This represents more than just a productivity boost; it’s a fundamental redefinition of the software engineering profession. The skills that matter shift from typing speed and syntax memorization to system architecture, strategic thinking, and AI orchestration. The best engineers of tomorrow won’t be those who can write the most elegant code by hand; they’ll be those who can most effectively direct and verify AI-generated code.

The implications extend beyond individual productivity. Companies that adopt these workflows could see their engineering output increase by orders of magnitude without proportional increases in headcount. This could accelerate innovation cycles, reduce time-to-market, and fundamentally change the economics of software development.
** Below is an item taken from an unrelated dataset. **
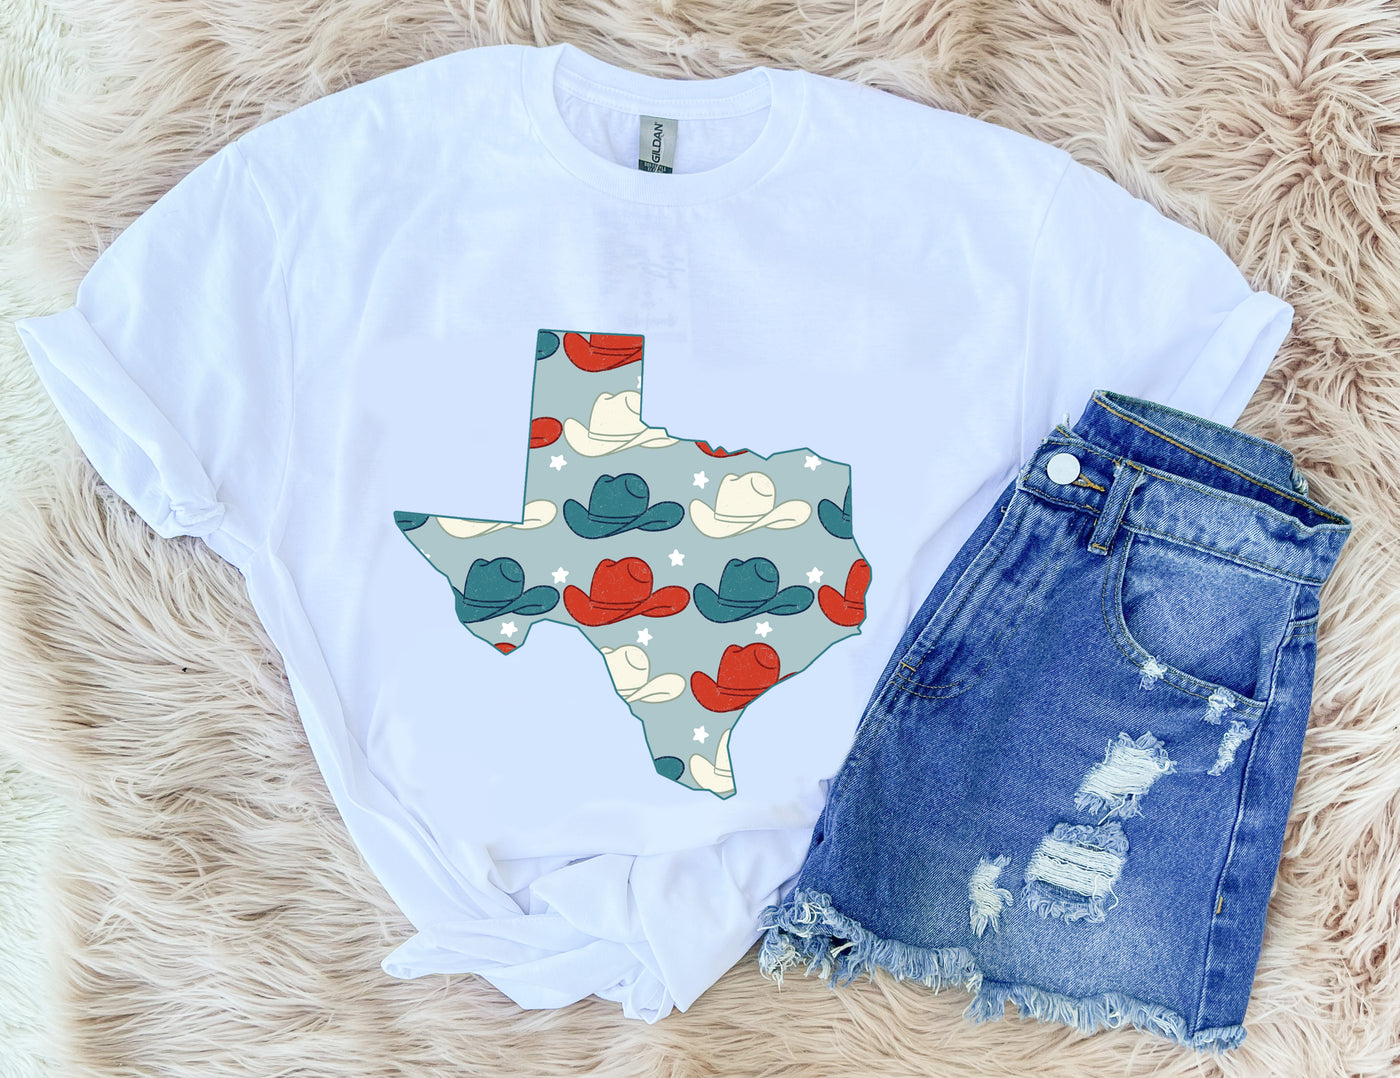 Texas Hat - Graphic Top-110 GRAPHIC TEE-Adelyn Elaine's-Adelyn Elaine's Boutique, Women's Clothing Boutique in Gilmer, TX

As one industry observer put it: “We’re not just getting faster at building software. We’re getting faster at building the future.”


Tags & Viral Phrases:

  • “feels more like Starcraft”
  • “game-changing updates”
  • “on fire”
  • “their ChatGPT moment”
  • “do more with less”
  • “compute tax”
  • “correction tax”
  • “self-correcting organism”
  • “institutional memory”
  • “automated construction crew”
  • “operating system for labor”
  • “AI orchestration”
  • “verification loop”
  • “orders of magnitude”
  • “building the future”
  • “fleet commander”
  • “multiply human output”
  • “AI workforce”
  • “strategic commander”
  • “AI amnesia”
  • “institutional knowledge”
  • “codebase evolves”
  • “author and editor”
  • “redefinition of the software engineering profession”
  • “accelerate innovation cycles”
  • “reduce time-to-market”
  • “fundamentally change the economics”
  • “playing an entirely different game”
  • “watershed moment”
  • “reshaping how software gets built”
  • “single human to operate with the output capacity of a small engineering department”
  • “shift from typing syntax to commanding autonomous units”
  • “superior orchestration of existing models”
  • “exponential productivity gains”
  • “willingness to stop thinking of AI as an assistant”
  • “mental leap”
  • “fundamental reimagining”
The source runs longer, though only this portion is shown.